- [What is needed]:
Exactly as they appear below, repeat the lines from the one with "Peugeot 406 Workshop Manual ..." through the one with "Stained glass windows". Drop every picture.
(Dataset records begins)
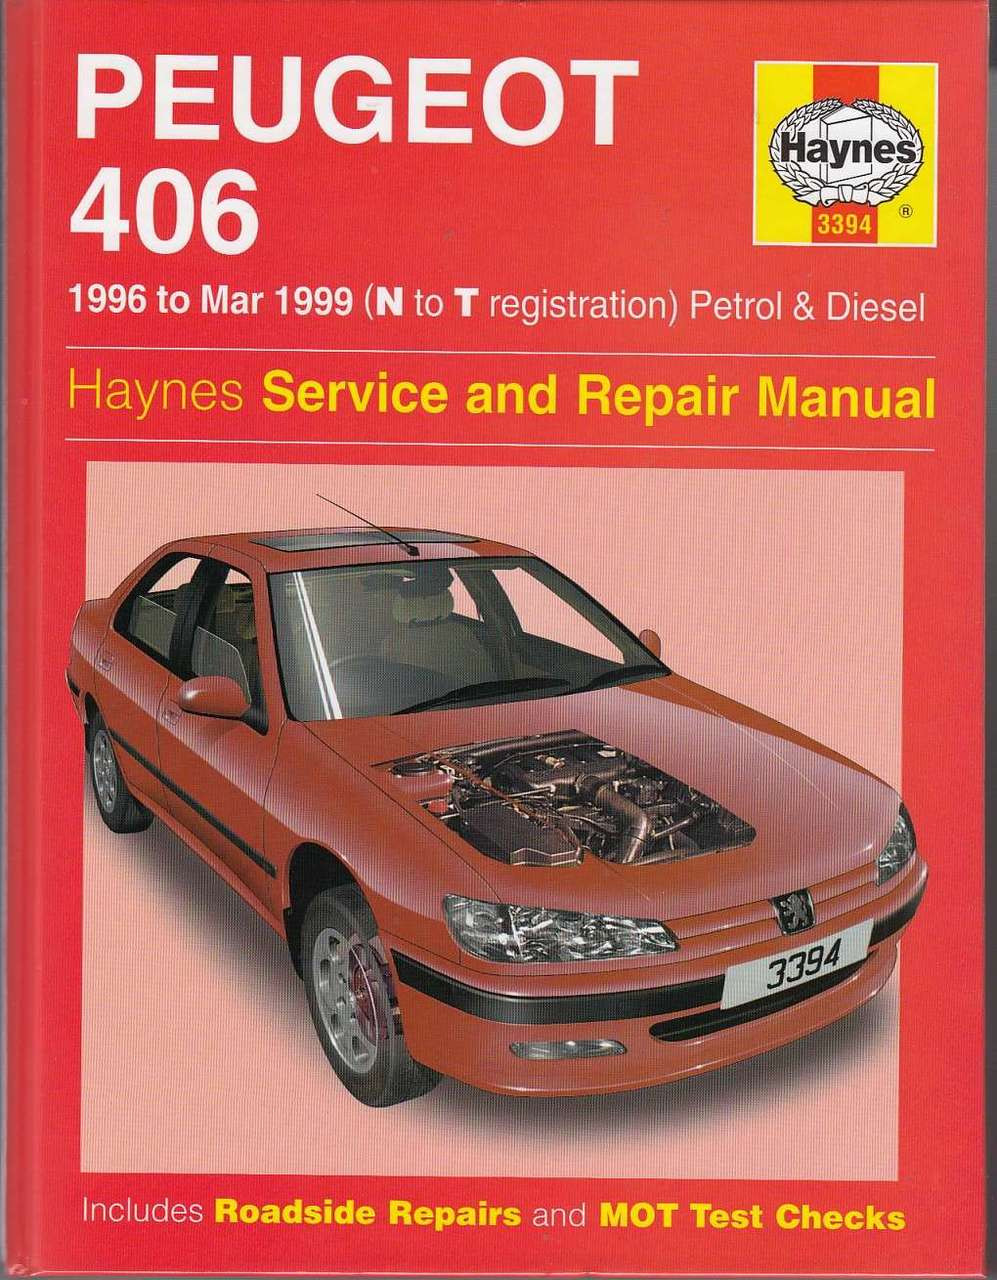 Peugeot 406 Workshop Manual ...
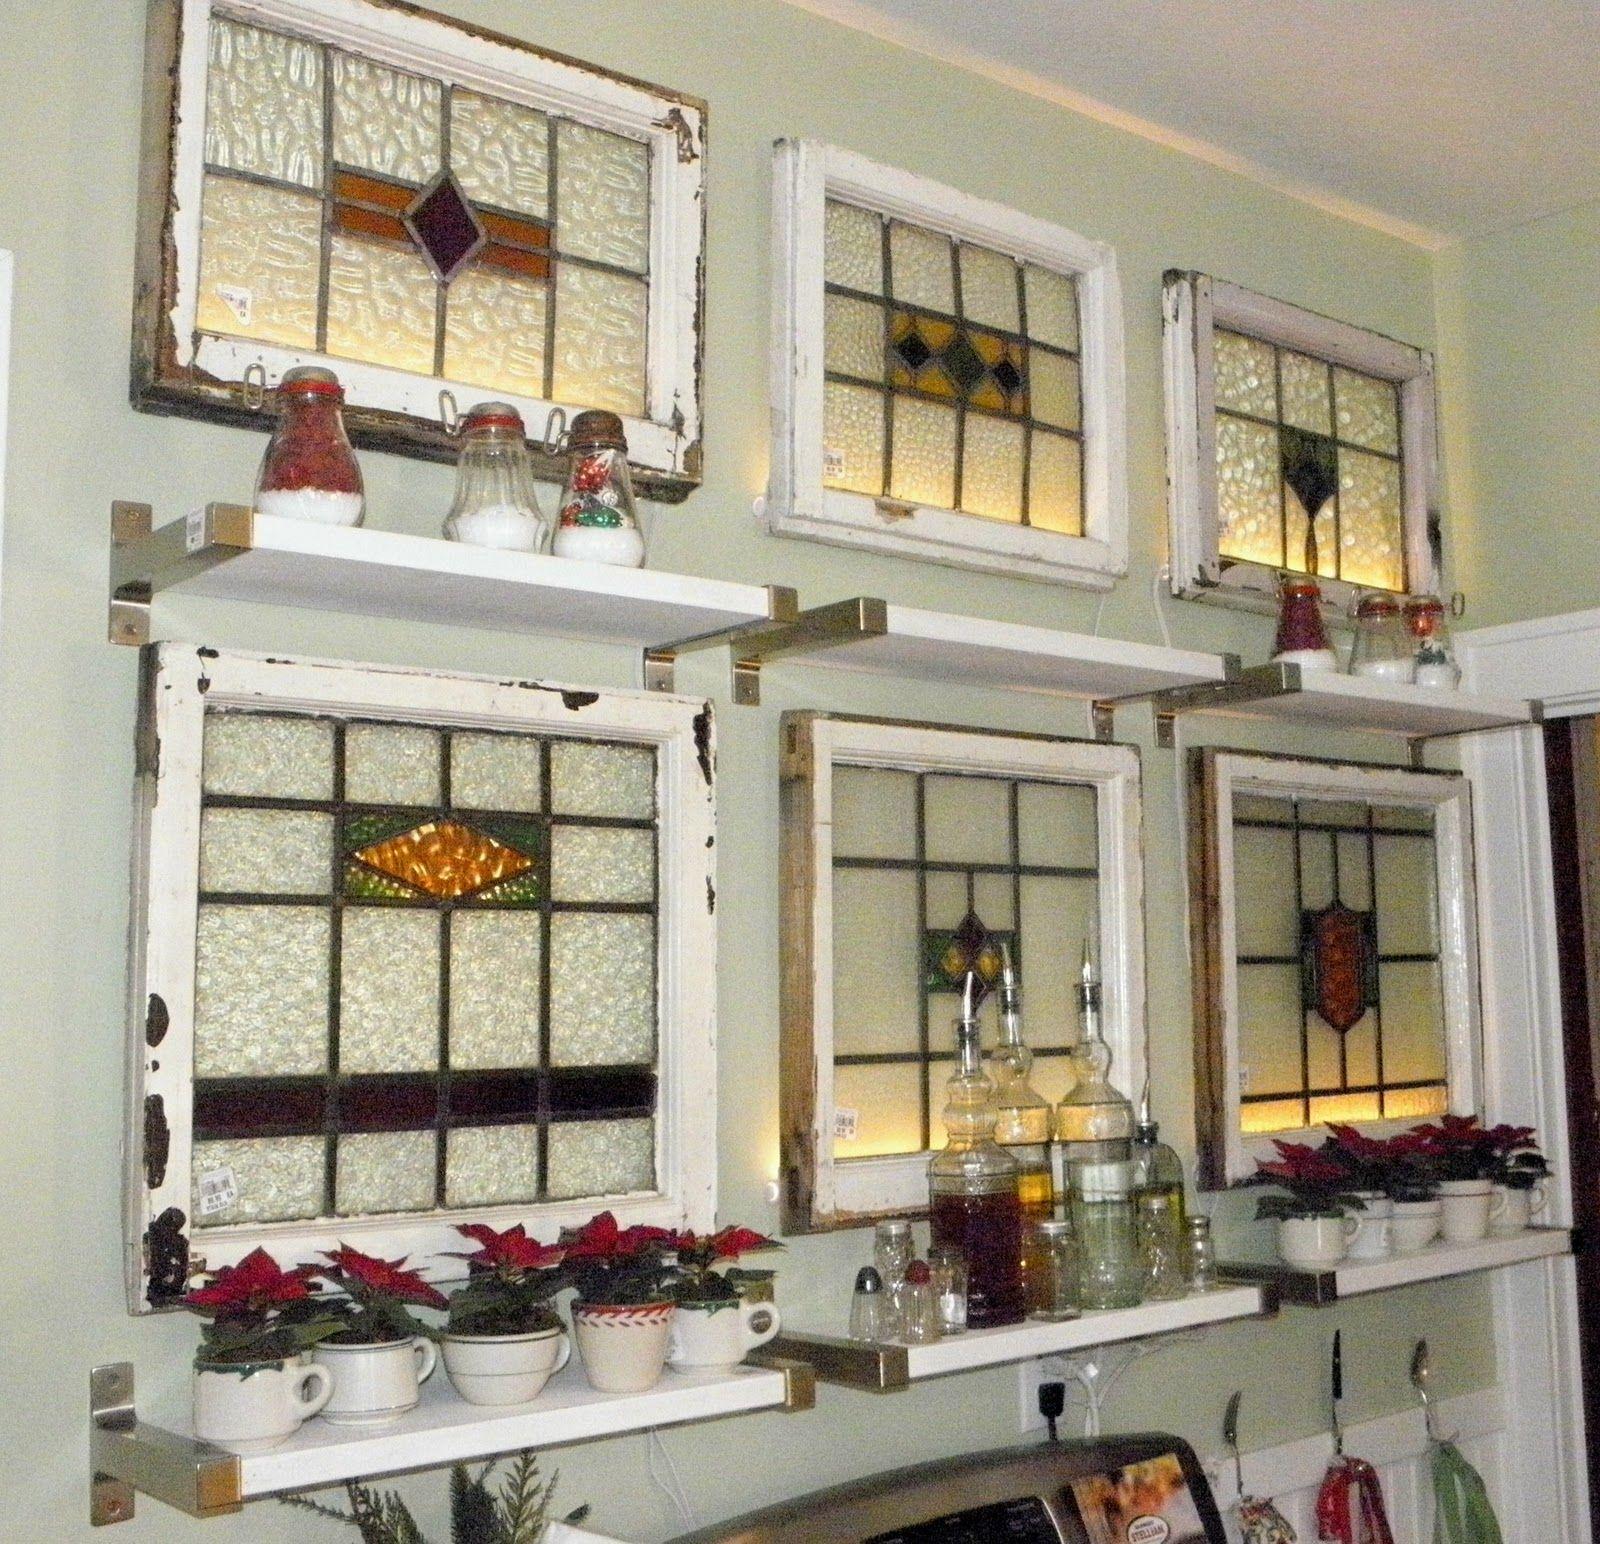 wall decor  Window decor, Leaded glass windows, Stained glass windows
(Dataset records ends)
(Dataset records begins)
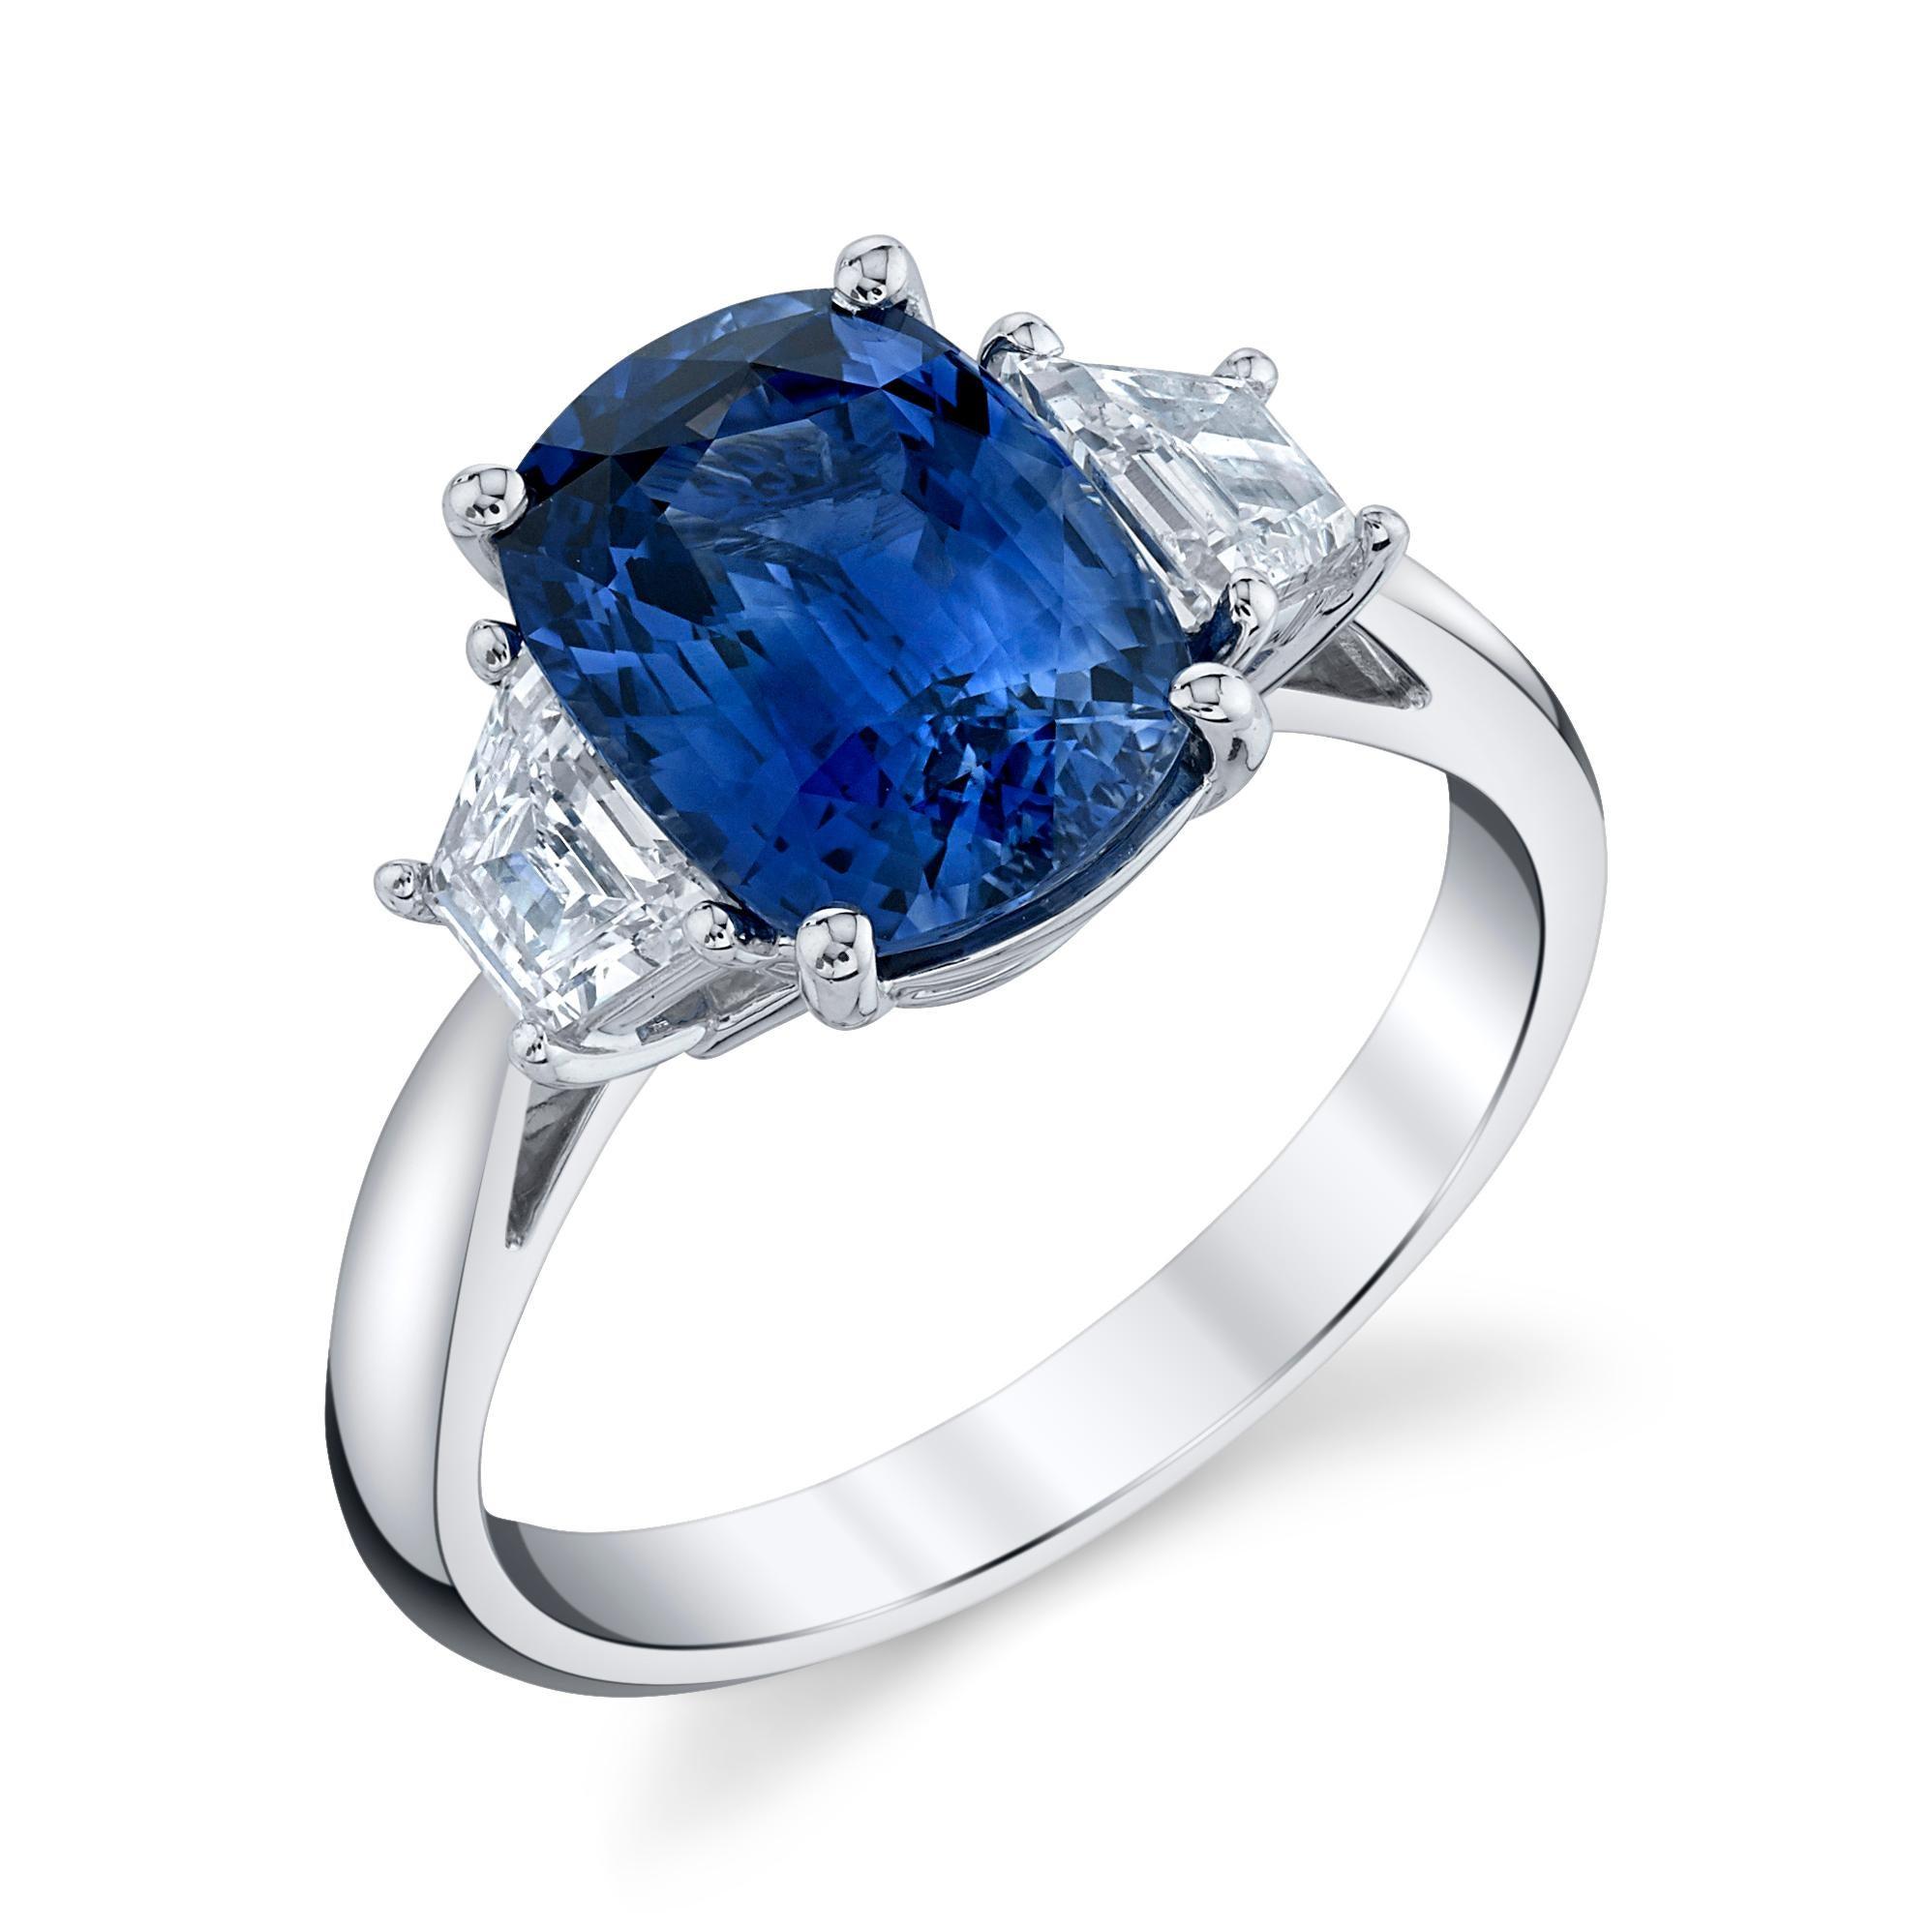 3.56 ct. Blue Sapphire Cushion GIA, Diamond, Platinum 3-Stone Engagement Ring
(Dataset records ends)
(Dataset records begins)
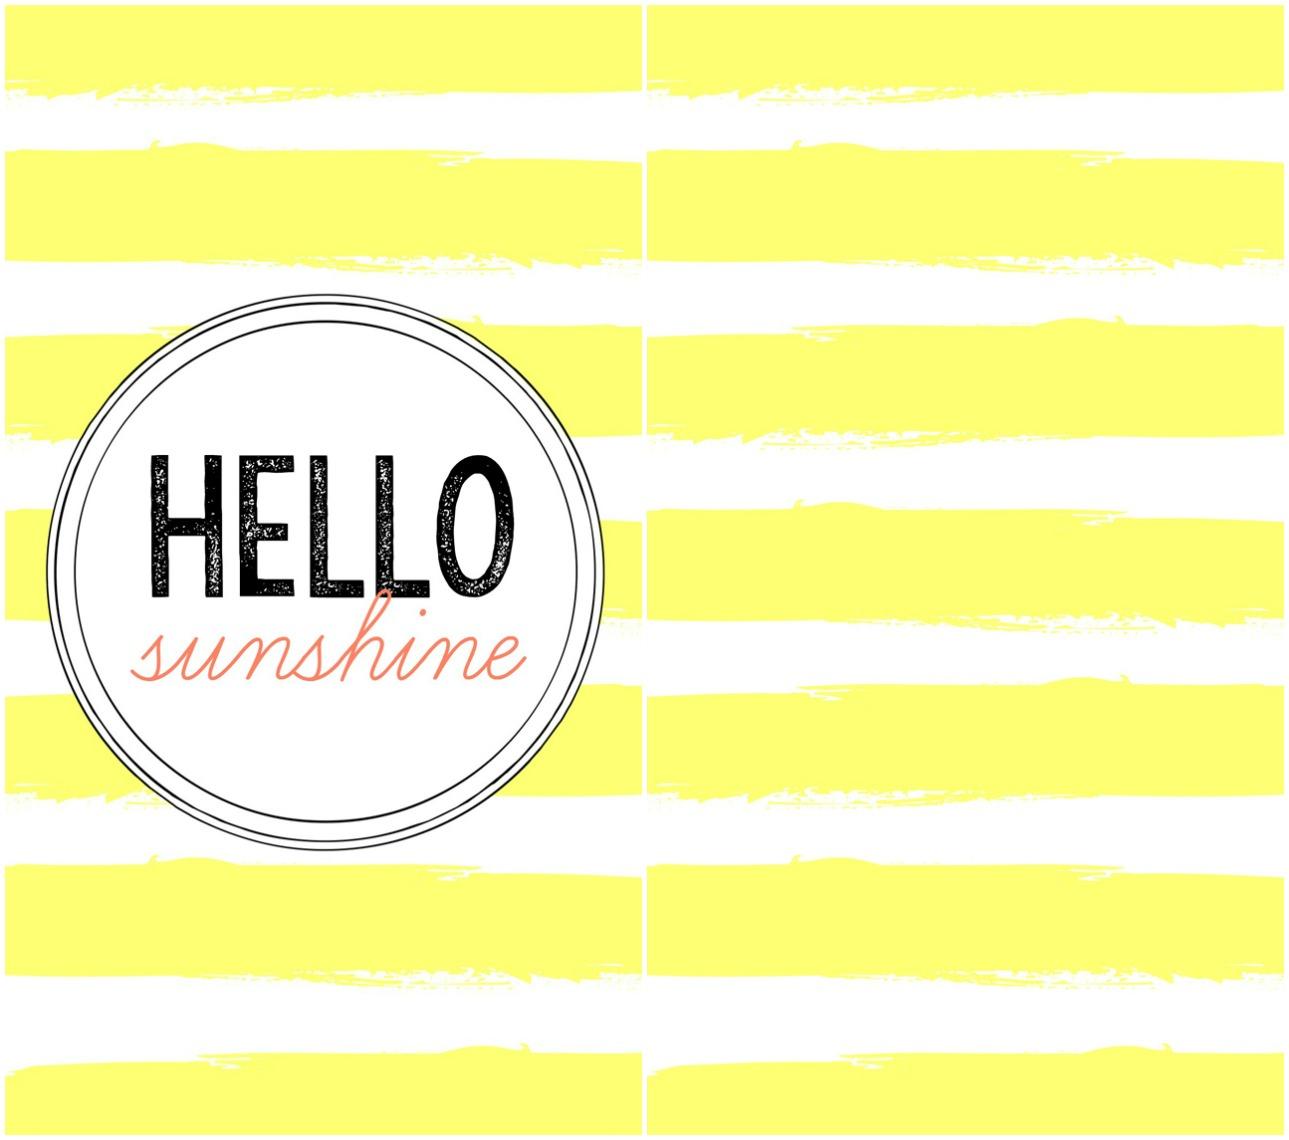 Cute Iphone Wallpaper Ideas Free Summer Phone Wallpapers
(Dataset records ends)
- [Answer section]:
 Peugeot 406 Workshop Manual ...
 wall decor  Window decor, Leaded glass windows, Stained glass windows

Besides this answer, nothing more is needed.